An infinite number of interferometers was required for perfect communication, which Pan and his group acknowledged was impractical. So they simplified the protocol for Michelson interferometers and built four, with two smaller ones nested inside. They set their source of single photons, their beam splitters and their mirrors on a small table that was temperature-controlled and isolated against vibrations. The counterfactual communication would occur across 50 centimeters, inside a lab in Shanghai. Pan’s collaborators, Cao and Li, designed a number of possible images to send, and the group voted for a Chinese knot. As Cheng-Zhi Peng explained, “it is symmetric and beautiful.”

Jian-Wei Pan (seated at center) and colleagues in their lab in Shanghai. Credit: Bo Li

The group wrote software to run their experiment automatically, without any human interference. On May 31, 2013, they sat at a computer and waited through the night to see if the image loaded on a screen. They trusted their instruments, but they quietly hoped that nothing would appear. A negative result would imply that quantum mechanics is wrong. No one had ever observed that.

Over five hours, 10 kilobytes of information passed the 50 empty centimeters between the sender and receiver. Many of the bits had to be transmitted several times before they registered, and the computer was better at recognizing 1s than 0s. But a monochrome bitmap appeared through static, although the group had not transmitted any particles that they could discern. Once they saw the image, after sunrise, they disbanded to sleep before they celebrated. They posted a short article one year later but did not submit their paper for publication for more than three years. They were too busy building communication satellites, and they wanted some time to think about the result.

Pan and his colleagues are now working to transmit a picture in shades of gray, and they hope to send pure quantum information based on another protocol by Salih. To ensure that no photons pass through the transmission channel, they also plan to do a weak measurement to determine where the photon goes.

Although Pan is in the business of communication satellites, and counterfactuals pique banks and militaries, the group reported another potential application for their experiment: “imaging ancient arts where shining a light directly is not permitted.” Kwiat has implied that counterfactuals might not be useful for anything else.
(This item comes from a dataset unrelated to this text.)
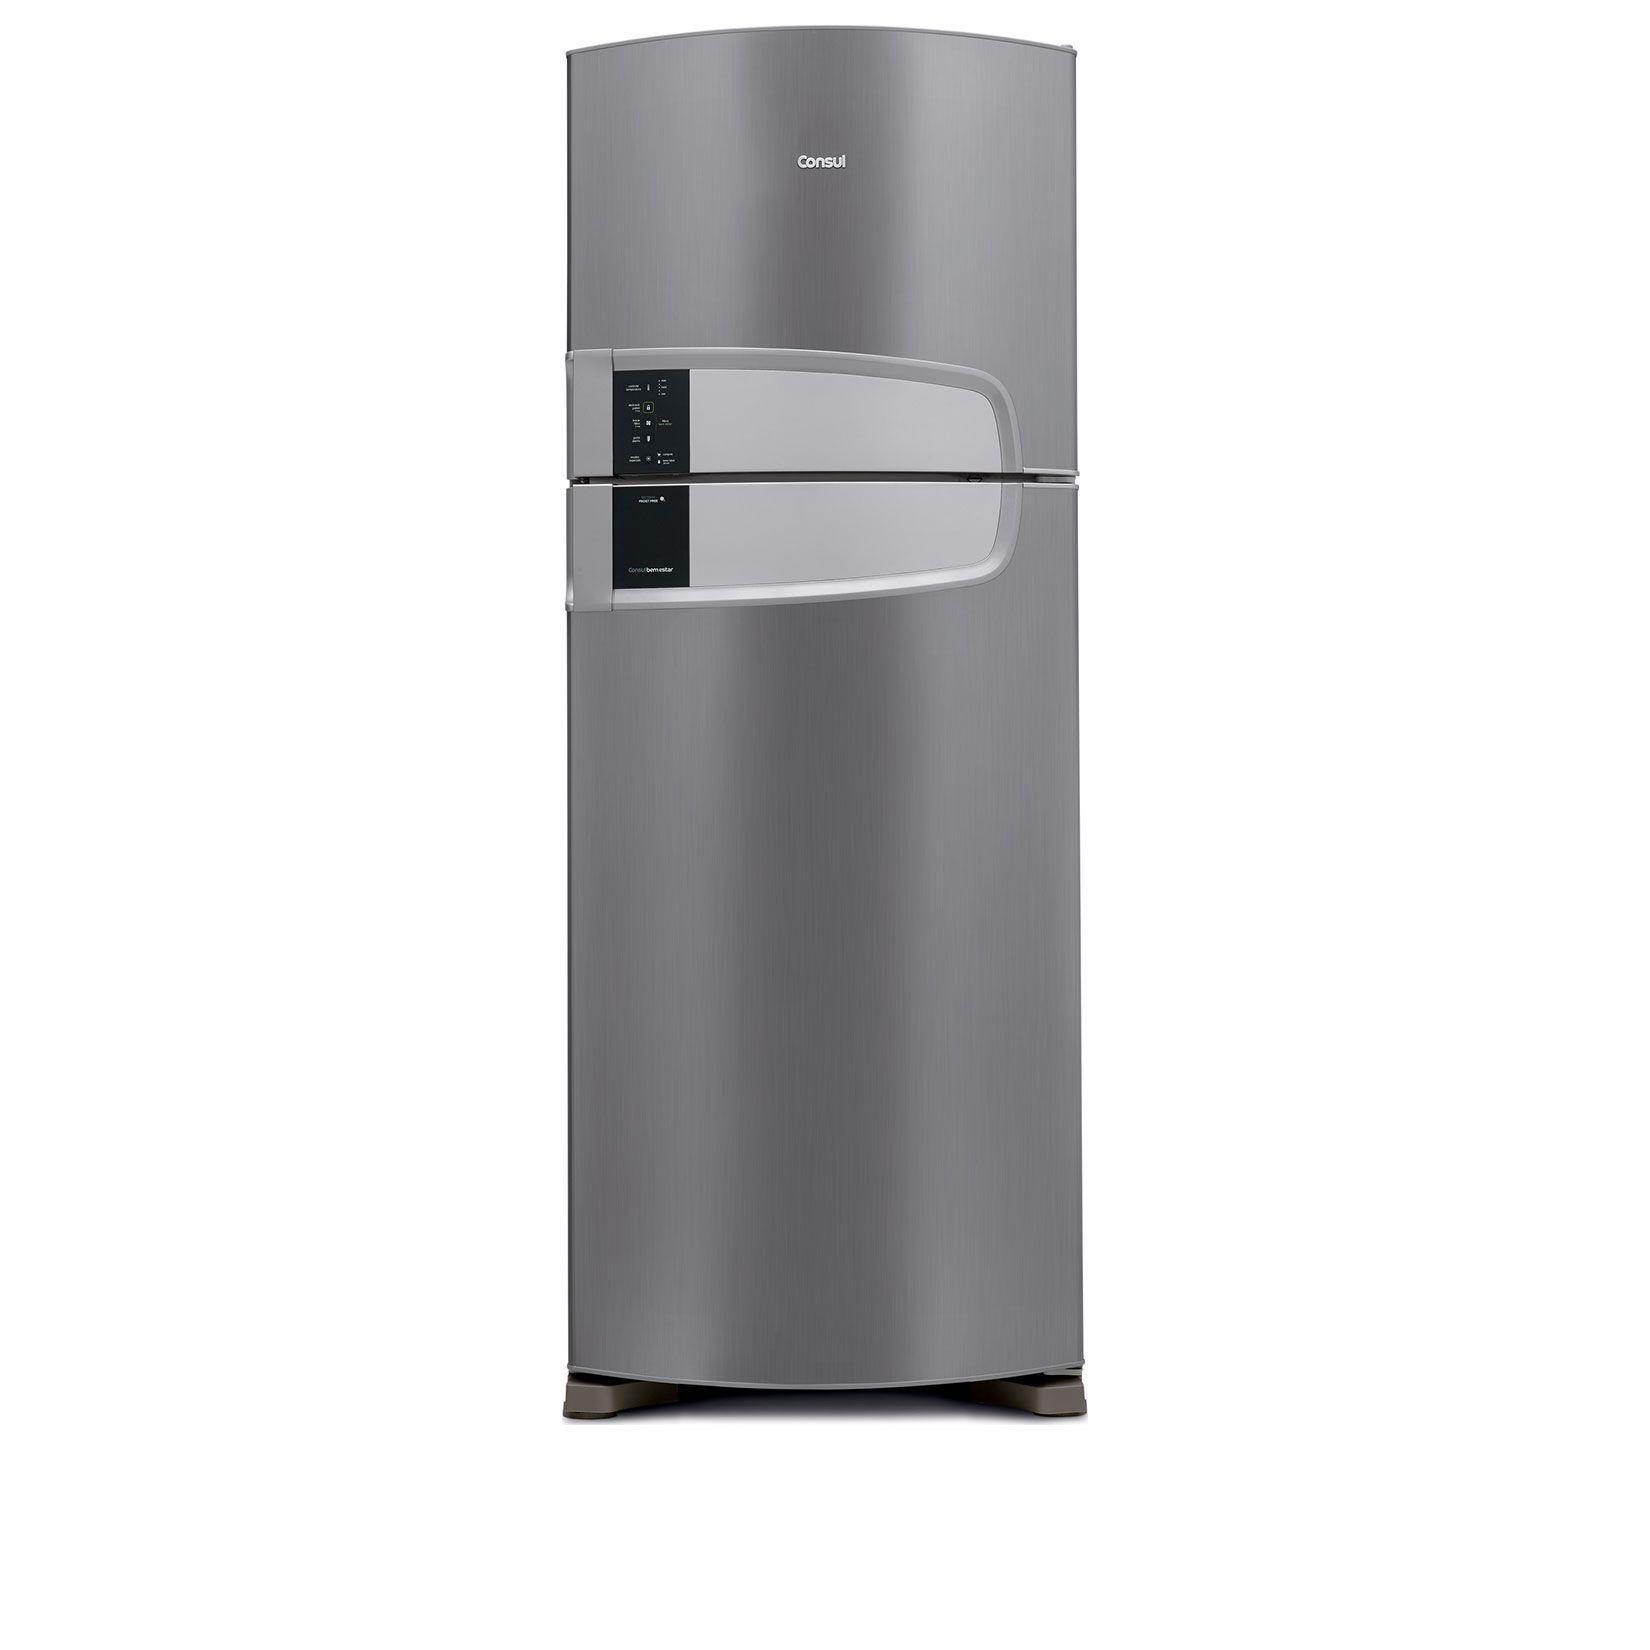 Muitas vezes Geladeira Consul Frost Free Duplex 437 litros cor Inox QB72

He wrote: “In order to achieve a high level of counterfactuality, one needs many cycles, and this greatly slows down the rate of communication.” Information moves slower without particles than with them.

Credit: Jen Christiansen; Source: “Direct counterfactual communication via quantum Zeno effect,” By Yuan Cao et al., PNAS, No. 19, May 9, 2017 (Chinese knot panels)
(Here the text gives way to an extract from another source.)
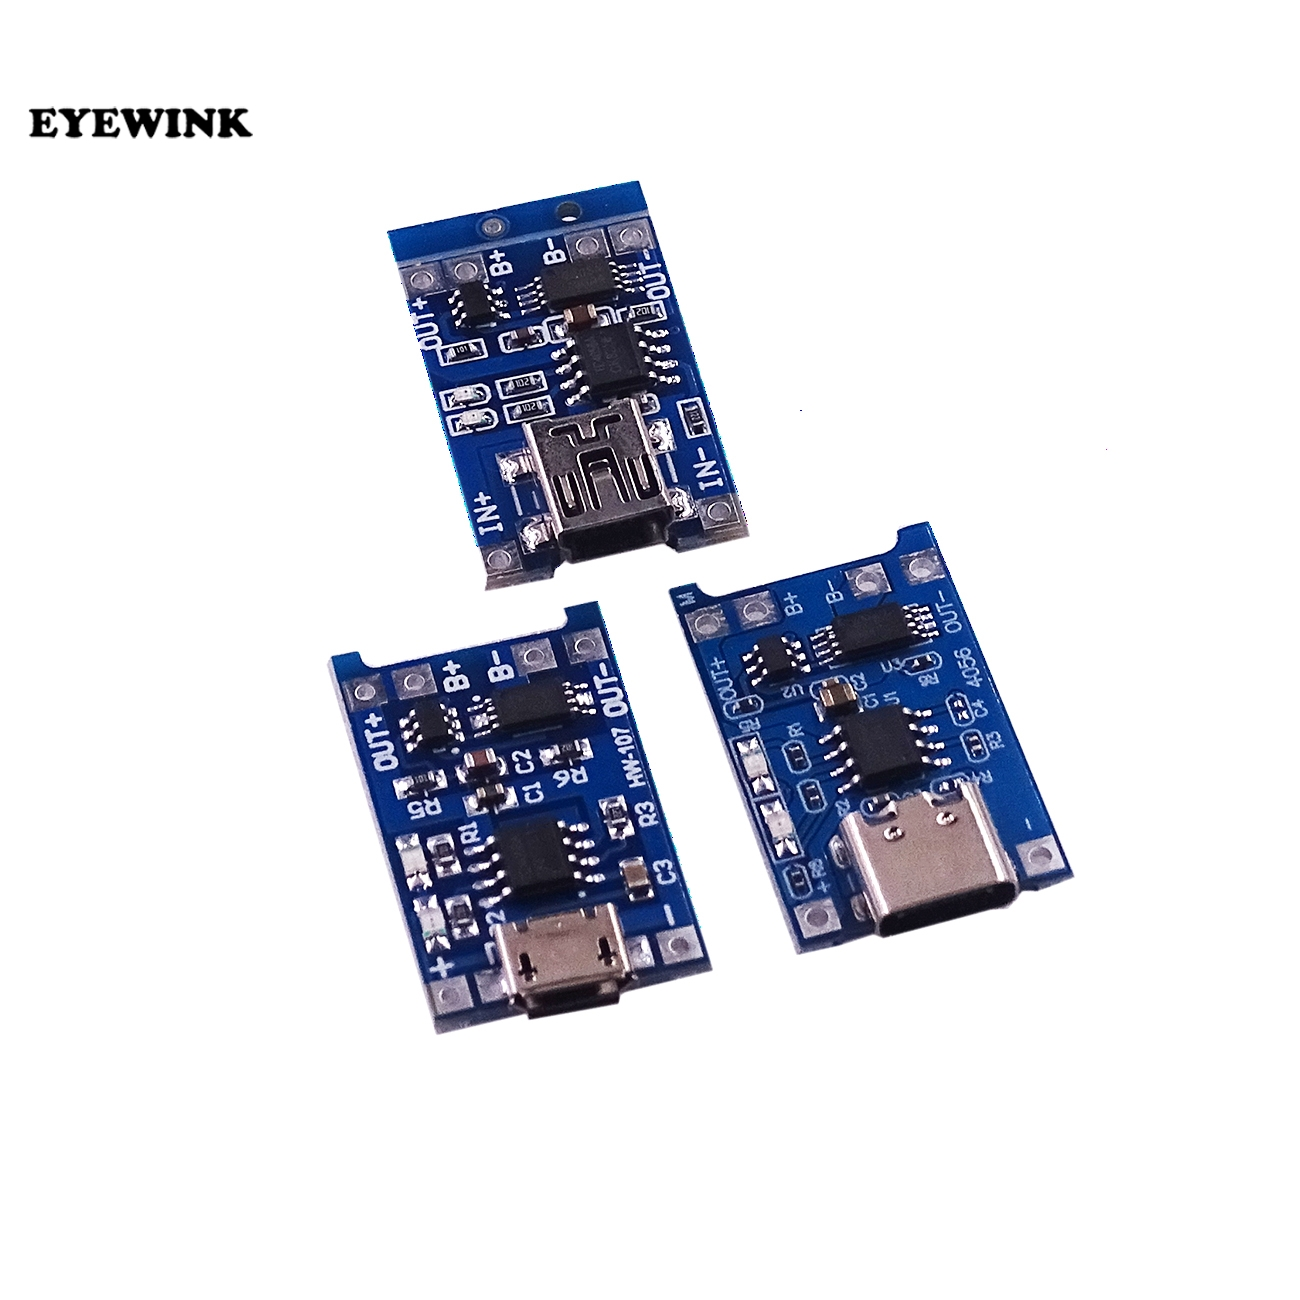 1PCS TP4056 TC4056 Type-c/Micro/Mini USB 5V 1A 18650 Lithium Battery Charger Module Charging Board Dual Functions Li-ion

Pan and colleagues attribute the mystery of counterfactual communication to the wave/particle duality. Salih has another interpretation. “I believe this experiment has something to say in support of the reality of the quantum wave function: If physical particles did not transfer information then what did?” Imaginary wave functions may be the last preserve of the real.

Salih is now working on a proof of counterfactuals, using weak measurements, to outflank his critics. When I asked Vaidman what would convince him that no particles were ever transmitted, he replied, tautologically: “If an object was found in a counterfactual way, there should be zero trace near it.” Pan’s collaborators told me, perhaps jokingly: “Although our demonstration hasn’t solved the issue entirely, we do believe that our work shed some light on the discussion.”

Quantum mechanics has survived nearly 100 years, and the unorthodox theory remains fabulous. Experiments routinely verify its predictions, and the normative theories invented to reform it have failed. Physicists continue to uncover new ways to adapt its mysteries to information technology and realize its wonders in the world. They are still waiting for the theory to communicate its meaning to us, however—with or without particles.